The John U. Nef Committee on Social Thought was established as a degree granting body in 1941 by the historian John U. Nef (1899-1988), with the assistance of the economist Frank Knight, the anthropologist Robert Redfield, and Robert M. Hutchins, then President of the University. The Committee is a group of diverse scholars sharing a common concern for the unity of the human sciences. Their premises were that the serious study of any academic topic, or of any philosophical or literary work, is best prepared for by a wide and deep acquaintance with the fundamental issues presupposed in all such studies, that students should learn about these issues by acquainting themselves with a select number of classic ancient and modern texts in an inter-disciplinary atmosphere, and should only then concentrate on a specific dissertation topic. It accepts qualified graduate students seeking to pursue their particular studies within this broader context, and aims both to teach precision of scholarship and to foster awareness of the permanent questions at the origin of all learned inquiry.

The primary themes of the Committee’s intellectual life have continued to be literature, religion, philosophy, politics, history, art and society. The Committee differs from the normal department in that it has no specific subject matter and is organized neither in terms of a single intellectual discipline nor around any specific interdisciplinary focus. It exists to bring together scholars in a variety of fields sharing a concern with basic and trans-disciplinary issues, and to enable them to work in close intellectual association with other like-minded graduate students seeking to pursue their particular studies in this broader context. Inevitably, the faculty of the Committee does not encompass within itself the full range of intellectual disciplines necessary for these studies, and the fields represented by the faculty have changed substantially during the Committee’s history. Students apply to work with the faculty who are here at any particular time and, where appropriate, with other faculty at the University of Chicago. Although it offers a variety of courses, seminars, and tutorials, it does not require specific courses. Rather, students, with the advice of Committee faculty, discover the points at which study in established disciplines can shape and strengthen their research, and they often work closely with members of other departments. Through its several lecture and seminar series, the Committee also seeks to draw on the intellectual world beyond the University.

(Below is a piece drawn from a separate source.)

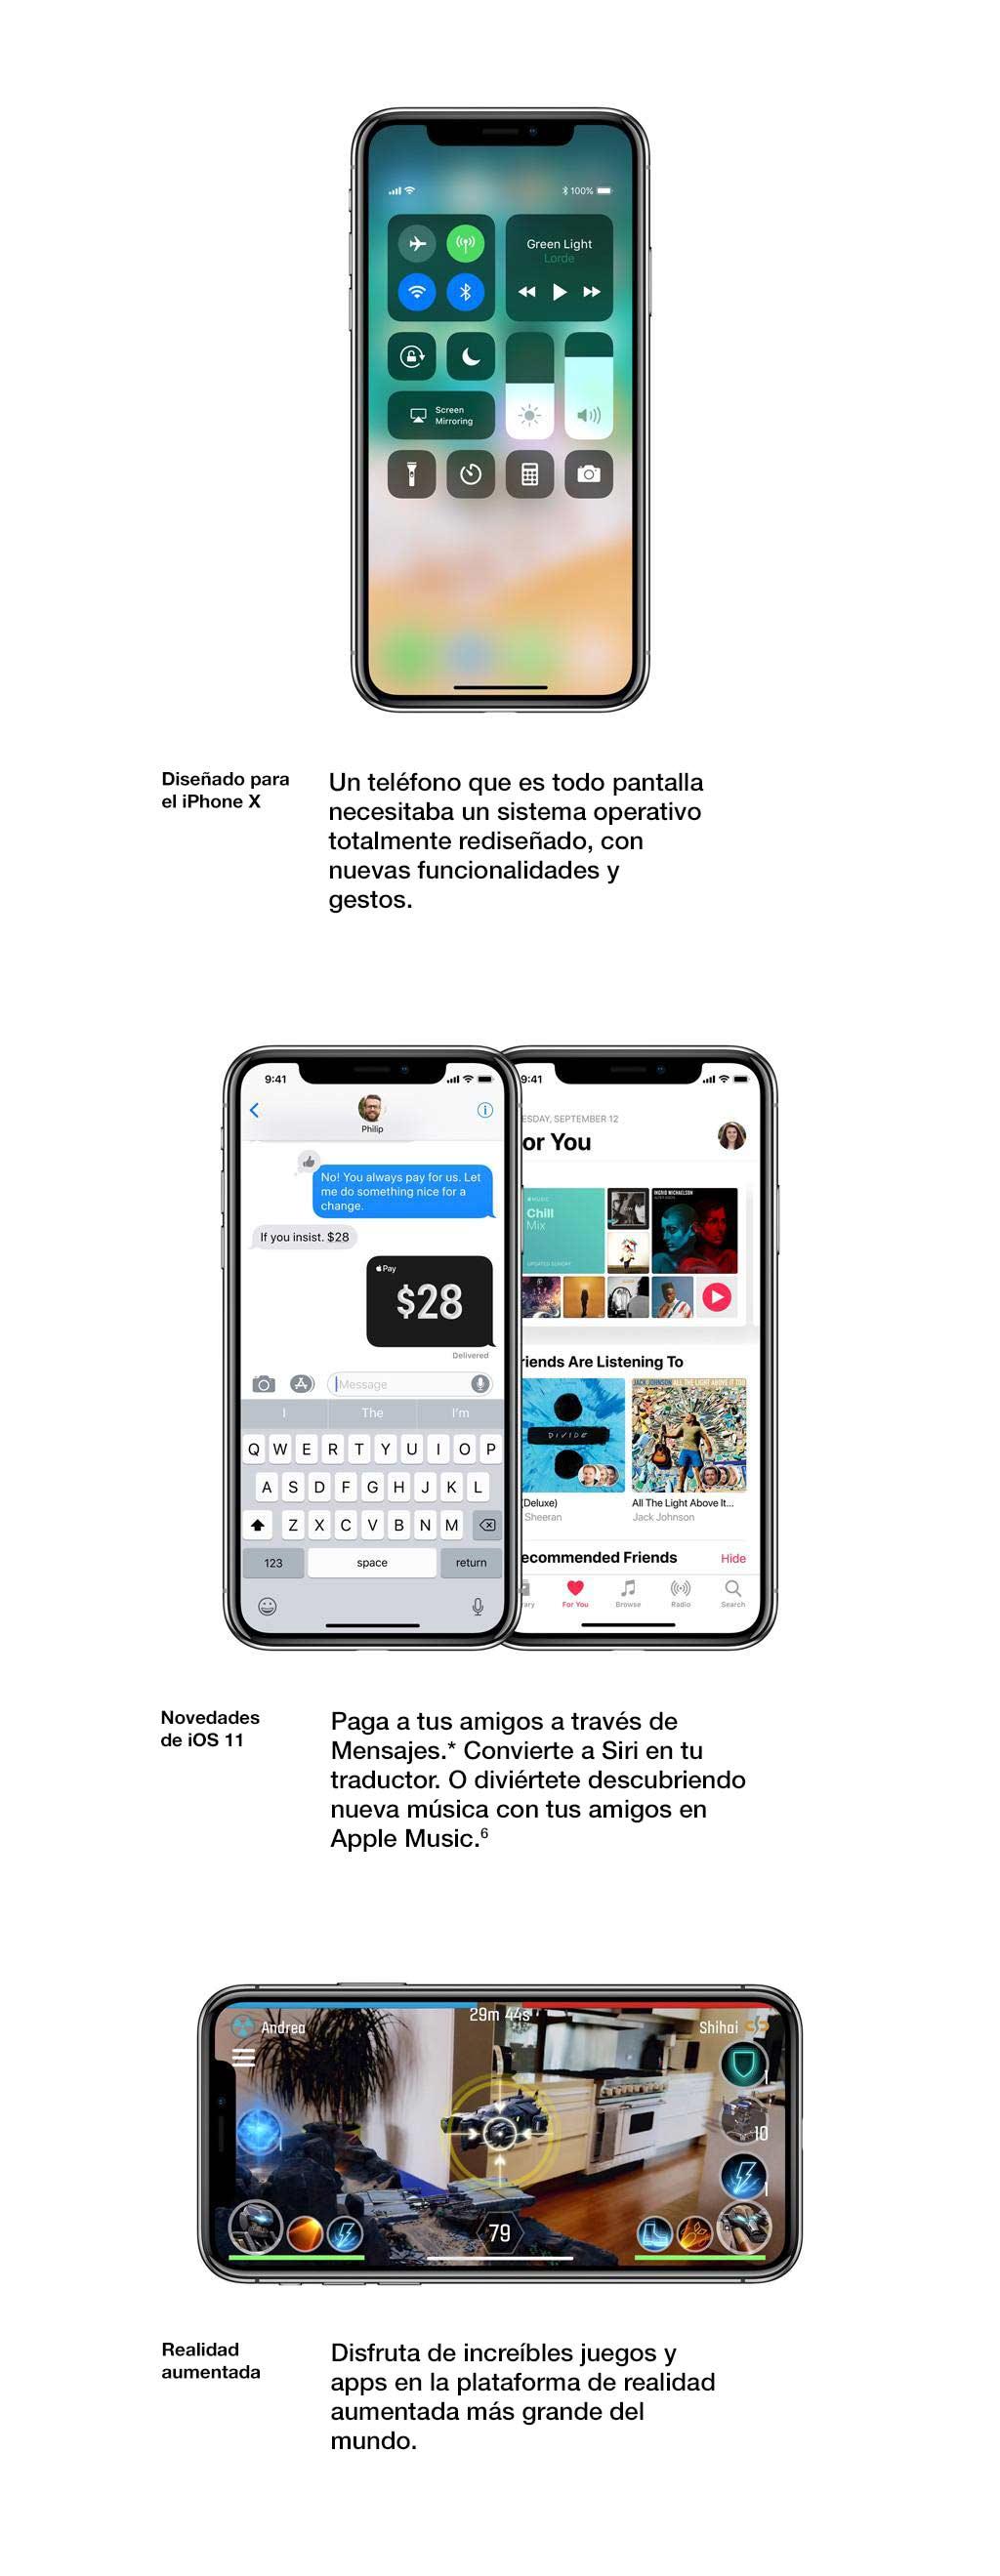 Un teléfono que es completamente pantalla necesitaba un SO reformulado con nuevas capacidades y gestos.

Students admitted to the Committee work toward the Ph.D. There are three principal requirements for this degree: the fundamentals examination, the foreign language examination and the dissertation. Study for the fundamental exam centers on twelve to fifteen books, selected by the student in consultation with the faculty. Each student is free to draw from the widest range of works of imaginative literature, religious thought, philosophy, history, political thought, and social theory and ranging in date from classical times to the twentieth century. Non-Western books may also be included. Study of these fundamental works is intended to help students relate their specialized concerns to the broad themes of the Committee’s intellectual life. Some of the student’s books will be studied first in formal courses offered by faculty, though books may also be prepared through reading courses, tutorials, or independent study.

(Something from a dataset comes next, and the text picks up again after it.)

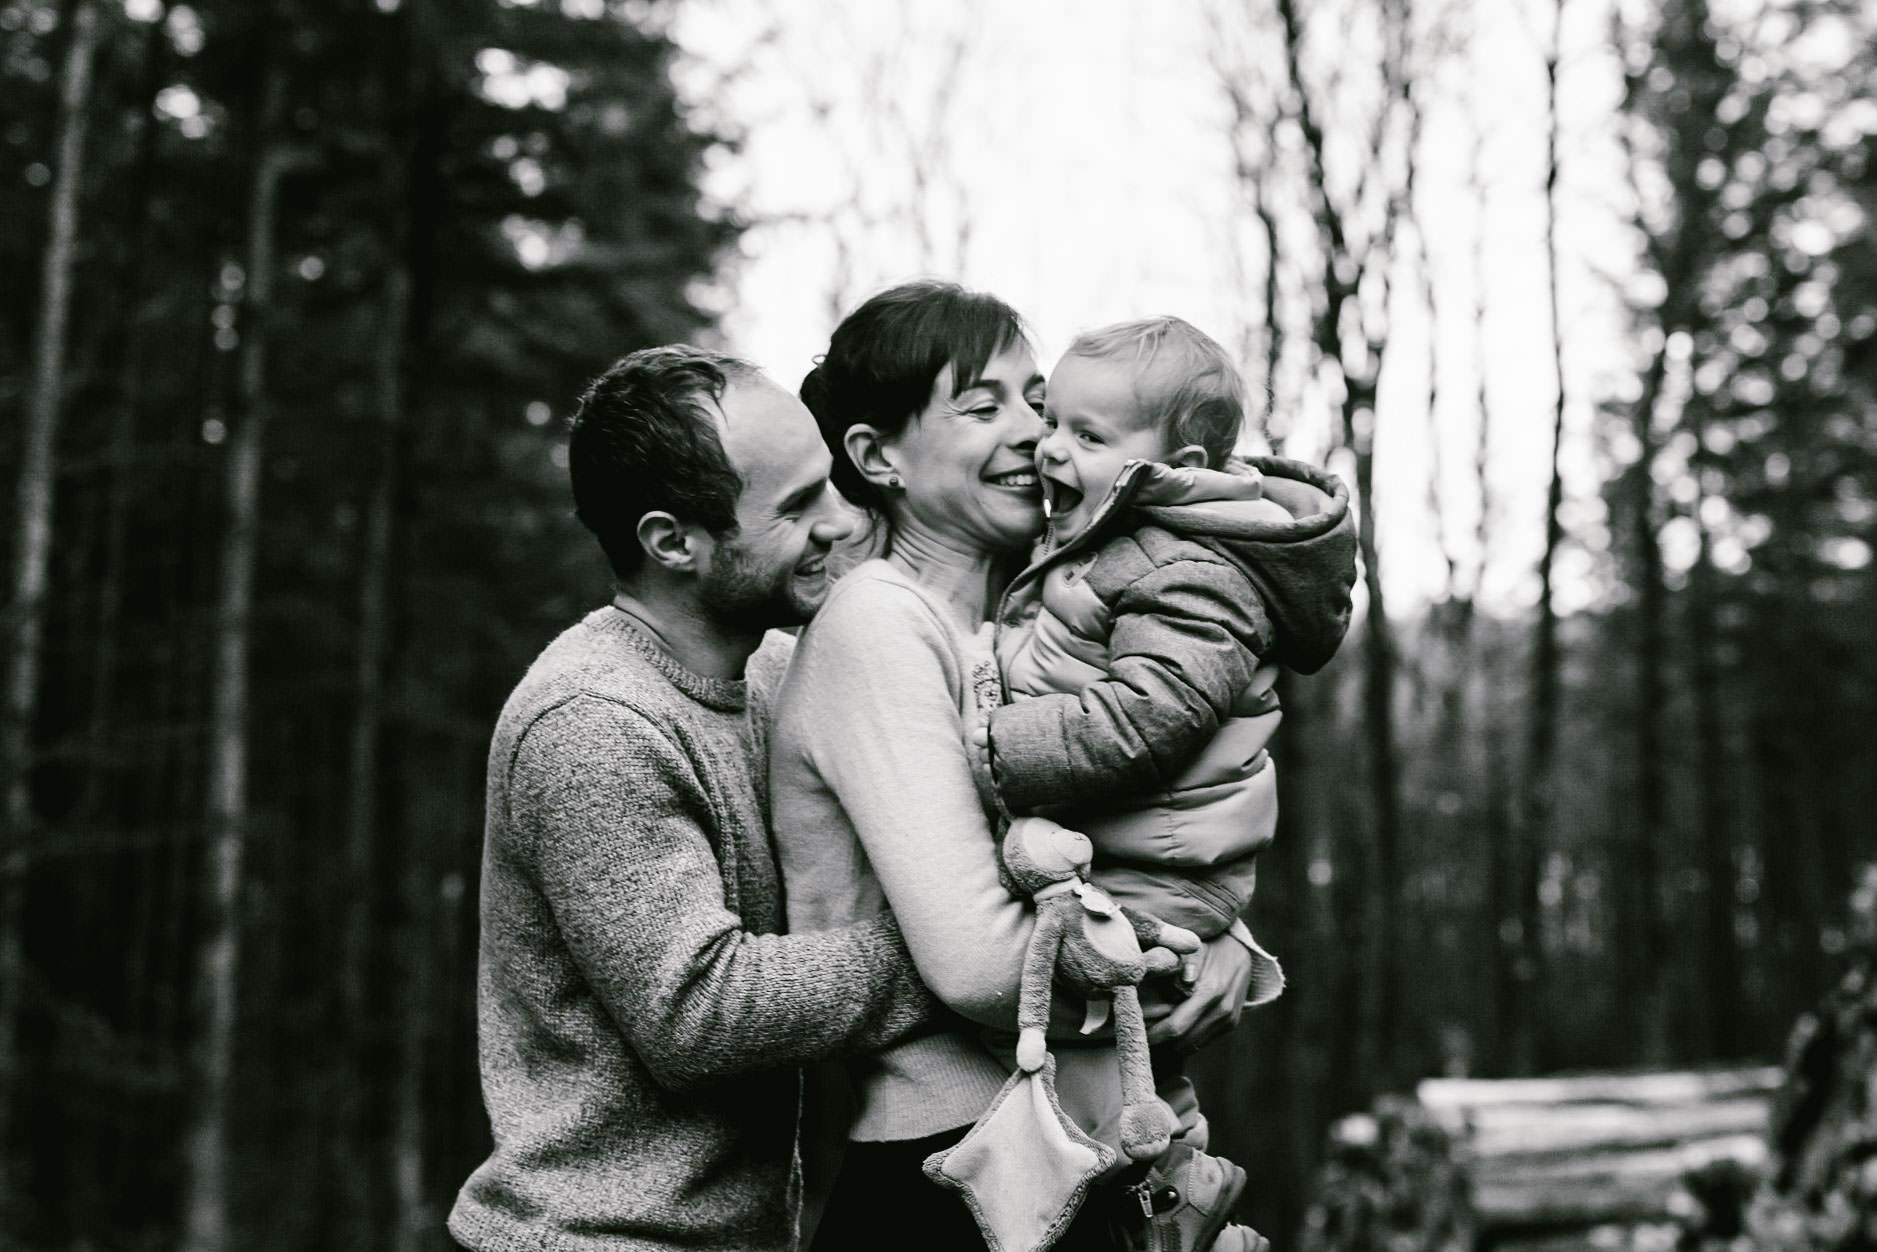 mariage-photographie-franche-comte-emiliekphotographie1-4

Preparation for the fundamentals examination generally occupies the first two or three years of a student’s program, together with appropriate philological, statistical, and other disciplinary training.

After successful completion of the fundamentals examination, the student writes a dissertation under faculty supervision on an important topic using appropriately specialized skills. A Committee on Social Thought dissertation is expected to combine exact scholarship with broad cultural understanding and literary merit. In lieu of an oral defense, a public lecture on an aspect of their research of general interest to the scholarly community is to be given.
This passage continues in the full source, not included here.